It seems basically unlikely that the Lagan estuary will be straddled by any constituency, so if Belfast does lose a seat, the two recipient constituencies must therefore be North and East Belfast, and the remnants of South and West Belfast will be merged into a new Belfast South-West seat. But this is where it gets difficult. It's fairly easy to see what would go from South Belfast to East Belfast - the Woodstock, Ravenhill, Ballynafeigh and Rosetta wards of Belfast, with 12,000 voters, and some or all of the neighbouring Castlereagh wards of Galwally, Newtownbreda, Cairnshill and Knockbracken which together have 7,500 voters. That would put the enlarged East Belfast in the right ballpark.
The problem is on the other side of town. Transferring the first three wards from West Belfast to North Belfast is not difficult - the five Shankill wards have been rather unnaturally split between the two constituencies since 1982, and so shifting the 7,900 voters of Highfield, Glencairn and Shankill will raise few eyebrows (indeed the previous Boundary Commission recommended this as part of their three-seat Belfast plan). But to even up the numbers, three more wards need to be shifted (the wards in inner-city Belfast are underpopulated anyway and were further slimmed down by the new electoral registration system). The obvious ones to move are Falls, Clonard, and Beechmount with 8,100 voters, just enough to make North Belfast close to the right size. This would detach the heart of republican West Belfast from the rest of the Falls Road and insert it into an enlarged North Belfast seat.
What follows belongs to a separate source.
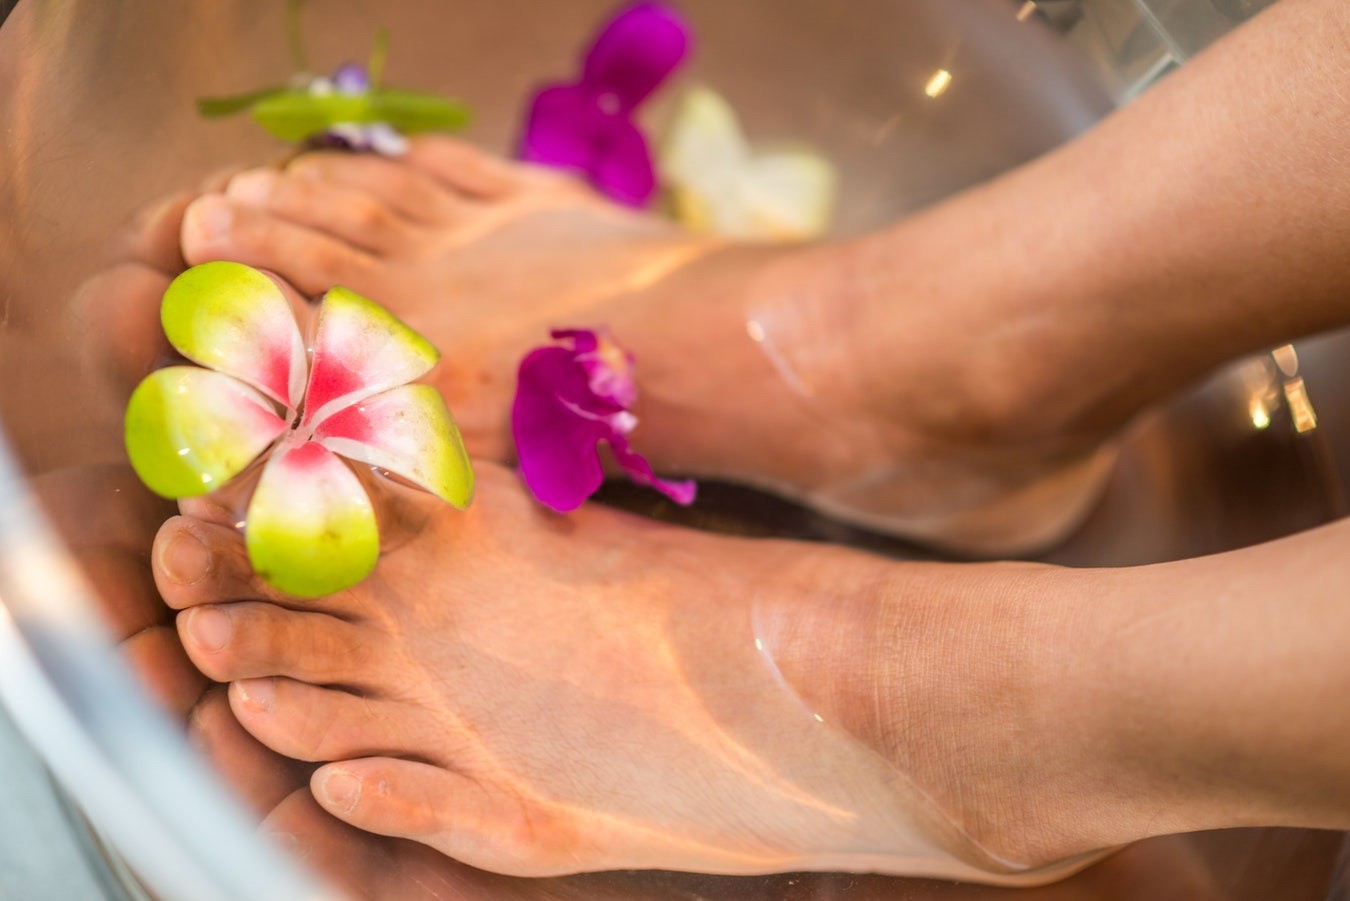 Как правильно делать парафиновые ванночки для рук и ног?

It is difficult to predict whether Nigel Dodds or Gerry Adams will be more dismayed by this prospect but it can safely be guaranteed that neither would be happy.
[Added 5 September: Eugene McDermott emails to point out that in fact transferring that number of voters from West to North Belfast still leaves enough SF votes in even a new South-West Belfast constituency to make it a safe SF seat, and shifts the balance in North Belfast to the point where it becomes a viable proposition for SF. I've checked his figures and in fact he's quite right; a three-seat Belfast does give SF a reasonable chance of two seats out of three. I think my prediction about Nigel Dodds' likely reaction remains valid though...]
That would leave the new South-West Belfast constituency a very uncomfortable hybrid of the mid and upper Falls, on the one hand, and the famous leafy suburbs of the Malone Road, on the other. Even if the Boundary Commission were to put this scheme forward in its preliminary recommendations, I can't see it surviving a round of public enquiries. When the previous Boundary Commission produced its initial recommendations for the fourth periodical review in 1994, they actually did propose the option of three Belfast seats within the boundaries of Belfast City Council. The local inquiry in Belfast, lobbied particularly strongly by Sinn Féin and the DUP, recommended very firmly that the four seats should be retained, with the strength of community links between West Belfast proper and the Twinbrook/Poleglass areas of Lisburn being a primary concern - ie that the Lower Falls and Twinbrook are more closely tied than the two sides of the M1. The then Boundary Commission accepted the recommendation under Rule c, and most would admit that it is a fair point. In the event of the current Boundary Commission recommending that Belfast be reduced to three seats, and that the Lower Falls be partitioned between North and South-West Belfast, we can expect a similarly vigorous campaign.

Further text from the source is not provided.